Les utilities britanniques risquent de sortir perdantes des législatives
Rarement des élections législatives britanniques ont été aussi indécises. A quelques semaines du vote, attendu le 7 mai, le Premier ministre conservateur sortant David Cameron et son adversaire travailliste Ed Miliband sont toujours au coude à coude dans les sondages. Cette indécision fait peser une chape de plomb sur le secteur des utilities britanniques. Selon les analystes de Deutsche Bank, le secteur «fait face aux élections générales les plus risquées depuis 1992».
S’il est élu, Ed Miliband a en effet promis un gel des tarifs de l’énergie jusqu’en 2017 et entend accorder plus de pouvoir à l’Ofgem, le régulateur du secteur, pour lui permettre d’imposer d’éventuelles baisses des prix. Ed Miliband a déjà son opinion: il estime que les tarifs pourraient être réduits de 10% dans le courant de l’hiver 2015-2016. Qualifiée de «blague» par David Cameron, la promesse électorale de son adversaire travailliste a toutefois contribué à alimenter le débat économique ces derniers mois et a pesé dans le durcissement du ton du régulateur. A la demande de l’Ofgem, la Competition and Market Authority enquête depuis l’an dernier sur le secteur. Elle devrait rendre ses premières conclusions en mai ou en juin.
Centrica semble le plus menacé par une victoire du parti travailliste. L’activité de distribution de gaz du groupe, via British Gas, aux particuliers et aux entreprises, représente environ un tiers de sa valeur d’entreprise, selon les estimations des analystes. Une baisse de 1% de la marge de l’activité aux particuliers amputerait de 10% la valeur de Centrica, calcule Deutsche Bank.

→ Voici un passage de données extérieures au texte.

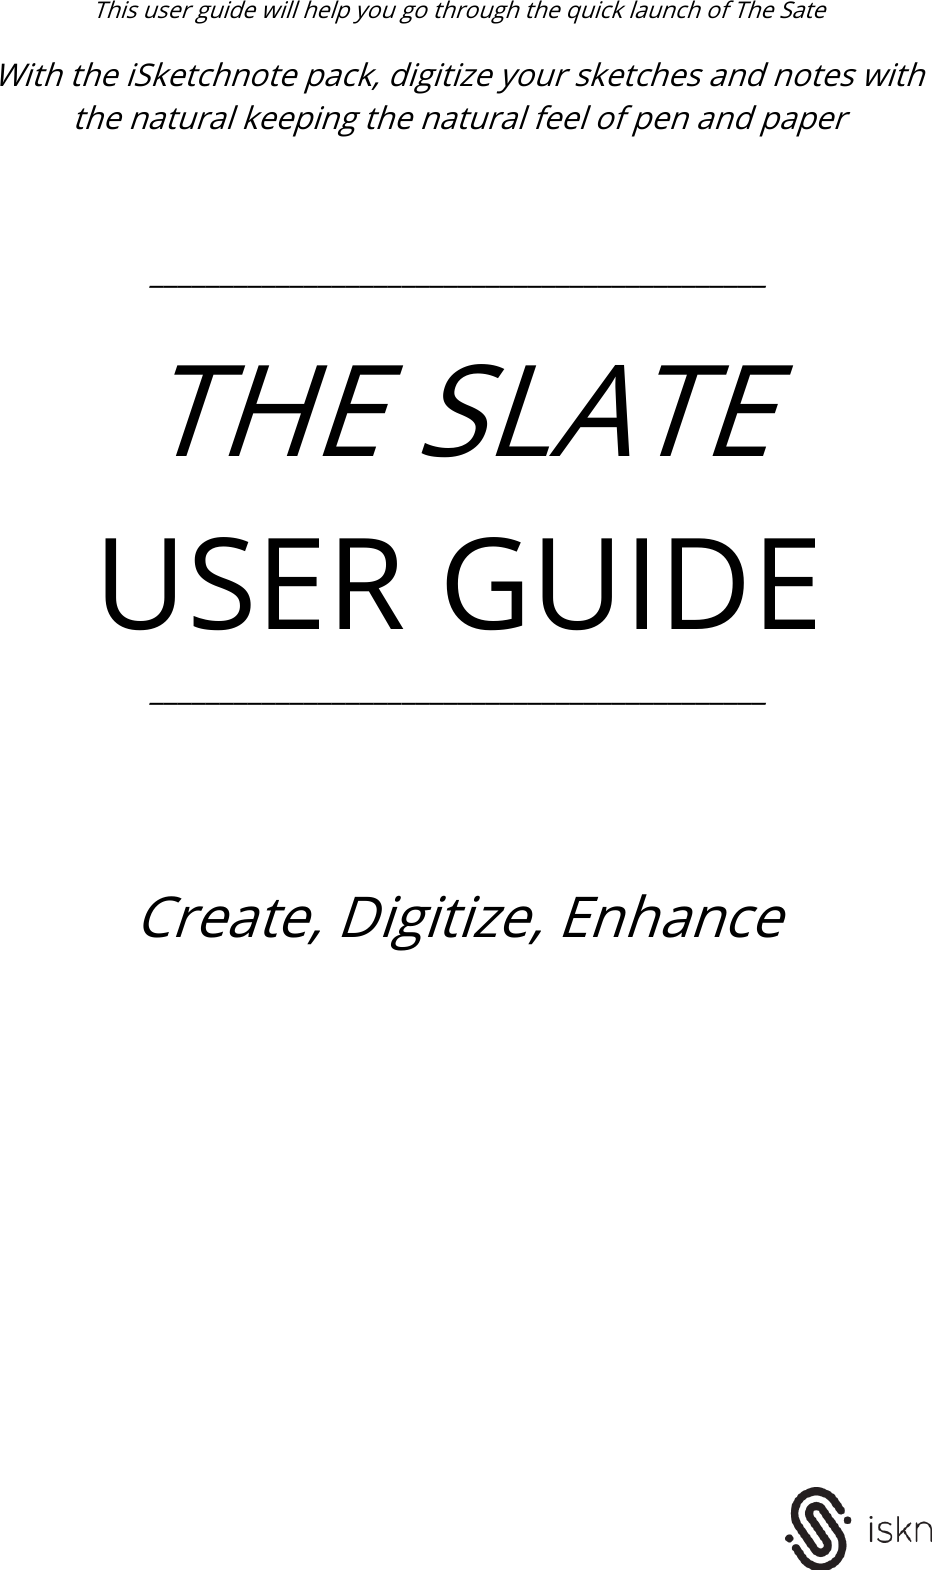  This user guide will help you go through the quick launch of The Sate   With the iSketchnote pack, digitize your sketches and notes with the natural keeping the natural feel of pen and paper      ____________________________________________  THE SLATE USER GUIDE ____________________________________________       Create, Digitize, Enhance

Selon le scénario des analystes de la banque allemande, si Ed Miliband s’installe au 10 Downing Street, Centrica pourrait perdre 22% en Bourse.
SSE et National Grid ne seraient pas épargnés, mais dans moindre mesure, grâce à leurs réseaux de transmission de l’électricité qui représentent la majorité de leurs actifs. «Mais le principal risque à long terme d’une victoire des travaillistes serait la création d’un nouveau régulateur capable d’imposer des baisses de prix», craignent les analystes de JPMorgan. Les actionnaires des utilities britanniques découvriraient alors le risque politique que connaissent bien les investisseurs d’EDF ou de GDF Suez en France.